- **Directions for this task**
Beginning with the line where "icon-design-ios7-icons2x" appears, restate each line word for word until the data ends. Pictures do not go in.

- **Dataset excerpt**
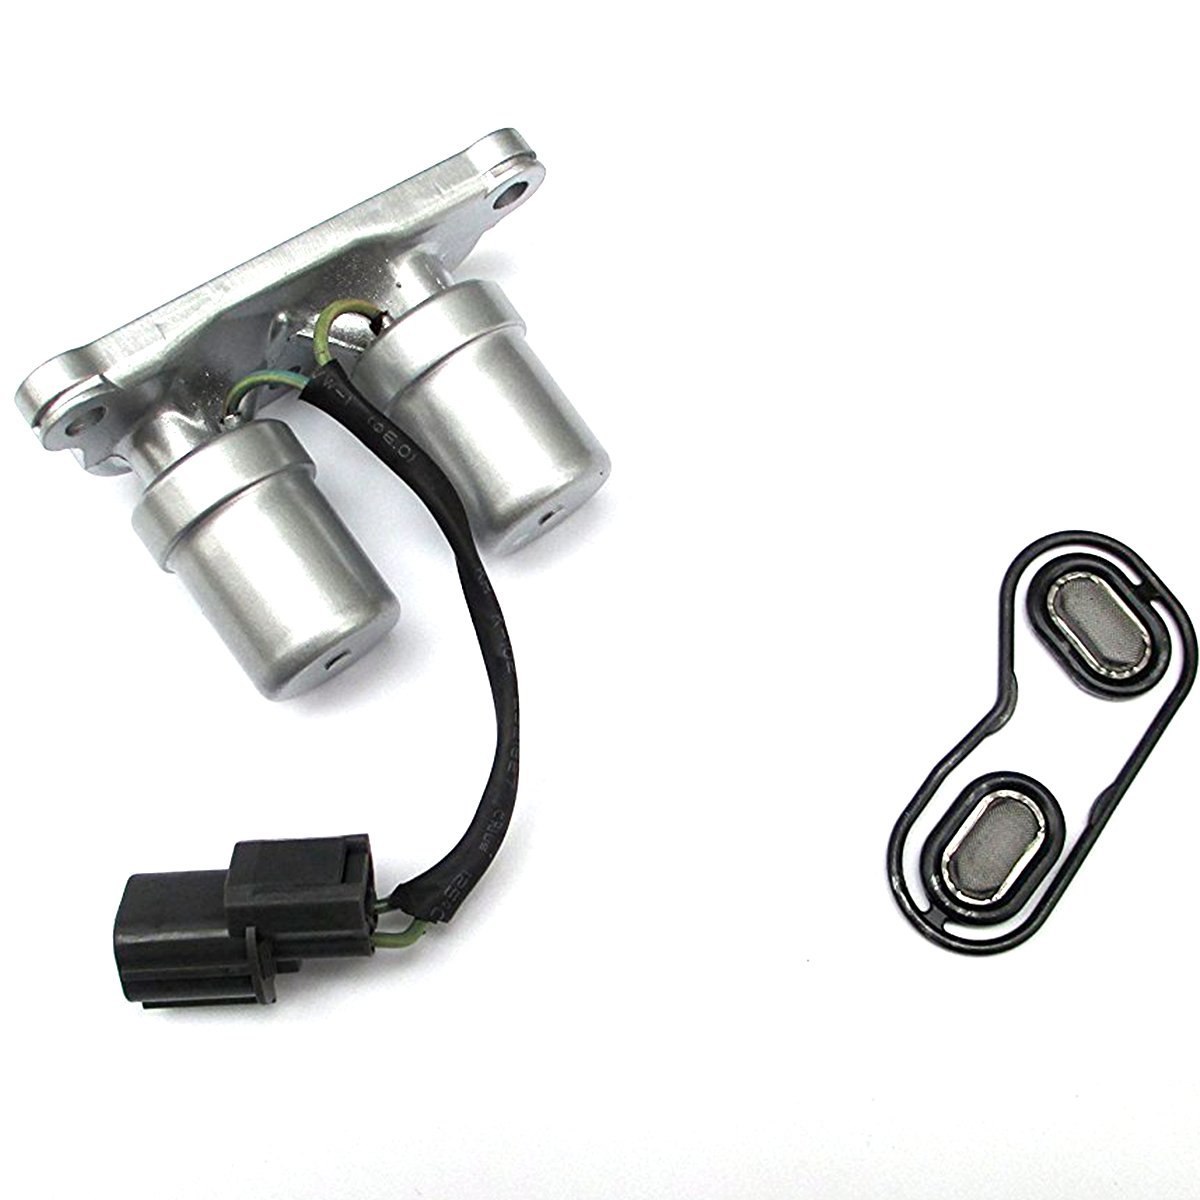 28200-P4R-003 Transmission Lock up Solenoid For Honda Civic 1994 1995 1996 1997 1998 1999 2000 28200P4R003
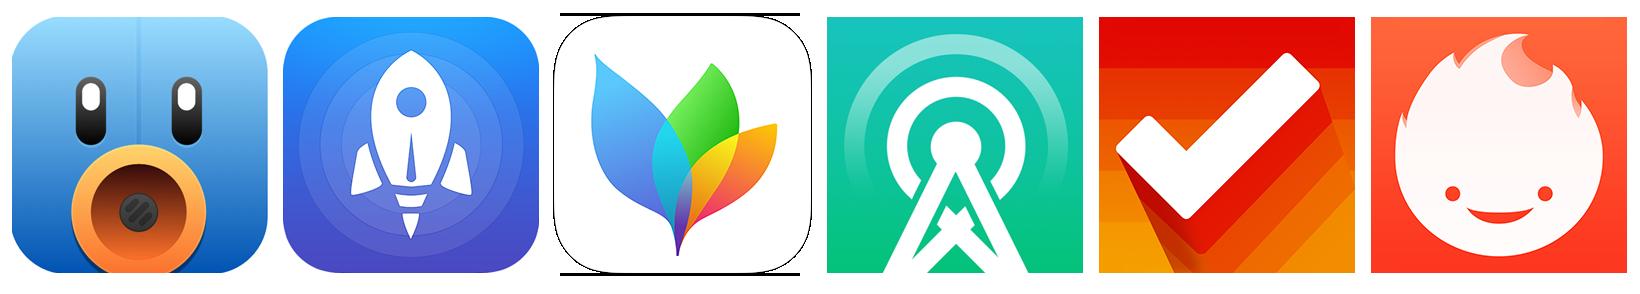 icon-design-ios7-icons2x
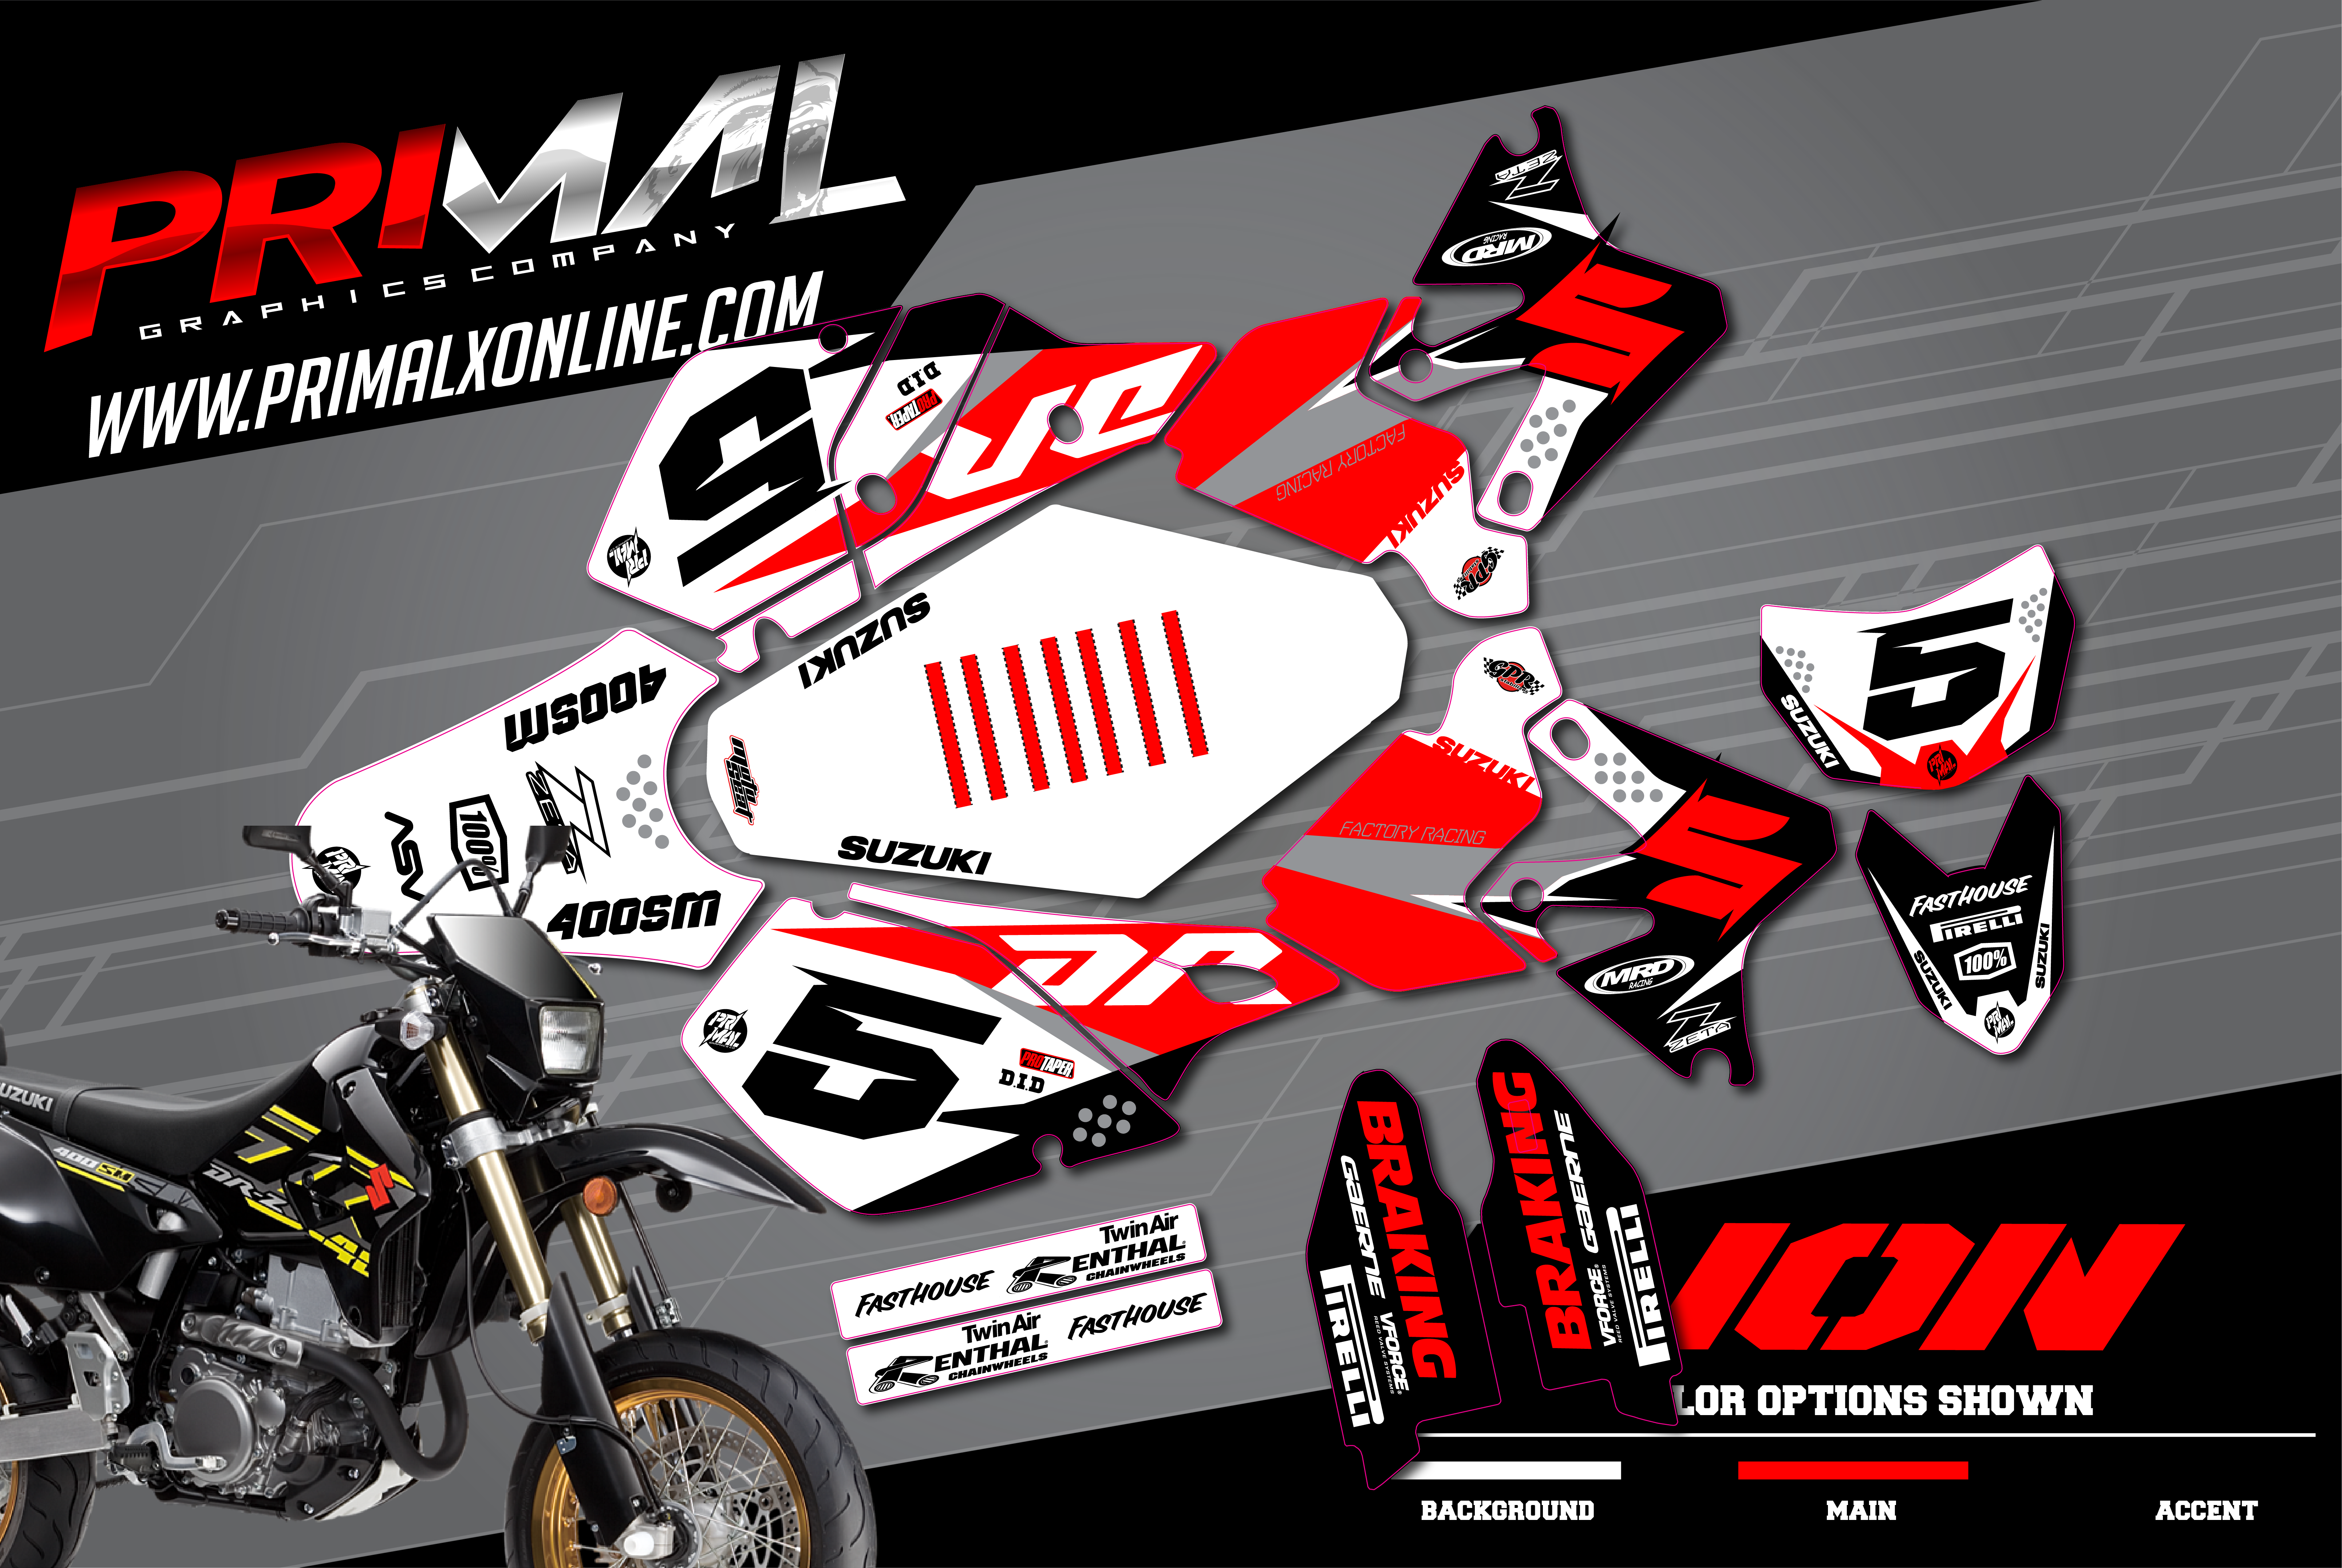 1_PRIMAL-X-MOTORSPORTS-PRIMAL-GRAPHICS-CO-2021-SUZUKI-DRZ400SM-MOTOCROSS-GRAPHICS-ION-SERIES-01-01-01

- **Task result**
 icon-design-ios7-icons2x
 1_PRIMAL-X-MOTORSPORTS-PRIMAL-GRAPHICS-CO-2021-SUZUKI-DRZ400SM-MOTOCROSS-GRAPHICS-ION-SERIES-01-01-01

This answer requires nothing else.